I kissed him one last time, and that woke him up. He felt my tears on his precious little face, and he tried to make me feel better. He brought me a glass of chocolate milk, to help me sleep, then toddled away, back to bed. But I couldn’t drink it. Holding that glass to my lips would have made me think of how much love you and I used to share, when the boys first came into our lives and I thought things could get better; I should give you a second chance. A third chance. A fourth. But now, I’ve given you all the chances you deserve.
So I emptied the glass onto the floor without taking a sip, and it disappeared into the rug. A glass of spilt chocolate milk is letting you off too easy. You and your girlfriend can clean up the mess it leaves, just like I’m leaving you.
“You mean … she didn’t drink it? I didn’t kill her? She spilled it?” Corey stops Daddy cold.
“Corey Banorey, if I had thought … if I had known, in a million years, that you were thinking that …”
“But I did it. I mashed up the pills.”
“She mashed up the pills. She took those, but not the ones you gave her. She spilled all that. You have nothing to feel bad about. It all makes sense now. That goddamn tether ball. Goddamn me. Not smart enough to take her to the doctor. Out so goddamn late …” Daddy is crying so hard the paper’s getting wet, and her red handwriting is getting all smeary.

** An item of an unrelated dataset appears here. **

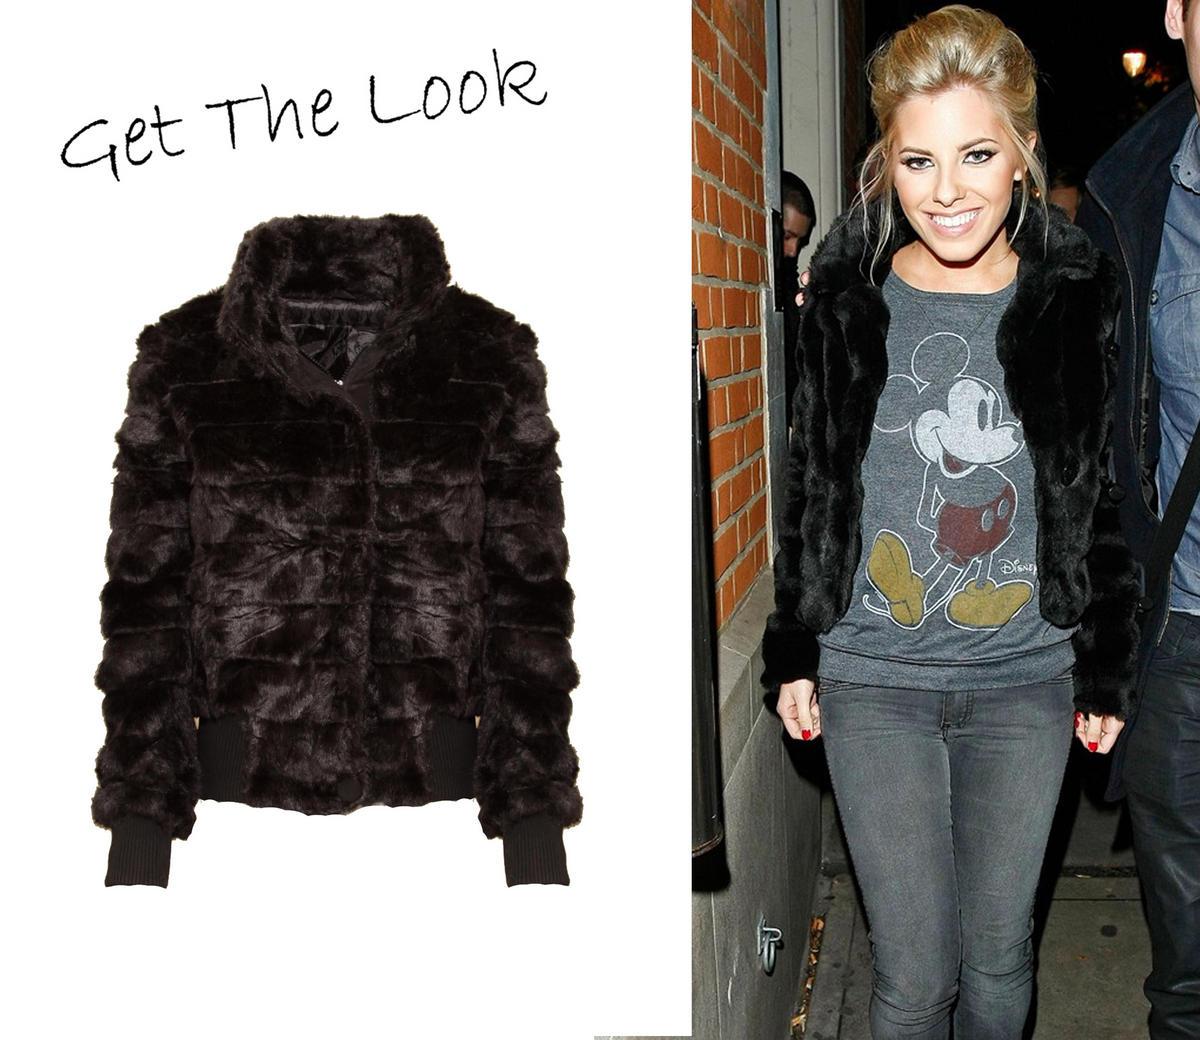 http://4.bp.blogspot.com/-_oa-z4Uuclc/Tpw4ZUtwe4I/AAAAAAAABto/XBmPNLj4FK0/s1600/lrgscalemollie+king+get+the+look+fur+coat.jpg

I grab the pages from Daddy. “That night at the drive-in? She came back and wrote all this?” Before Daddy or Rita can stop me, I start reading what’s left aloud.
My Clarke, my Corey, the two names I will shout aloud at my Final Judgment, which is fast approaching. At least you gave me them. That’s the one thing—the two things—I can’t hate you for. For the rest of their lives, and mine, I will surround them with the carousels and Tilt-A-Whirls and tornadoes of love, which you once promised me.
That was the end. There wasn’t anything else, not even her name.
“Your Mumma …” Daddy says, the thing he always says when he can’t think of what else to say. “She wasn’t in her right mind when she wrote that. She was … confused. The tether ball, the pills made her all confused …”
He doesn’t know what else to say, and neither does anybody else. So nobody says anything. And nobody stops me when I take the letter for myself and walk back to our bedroom to put it under my pillow, as evidence of love.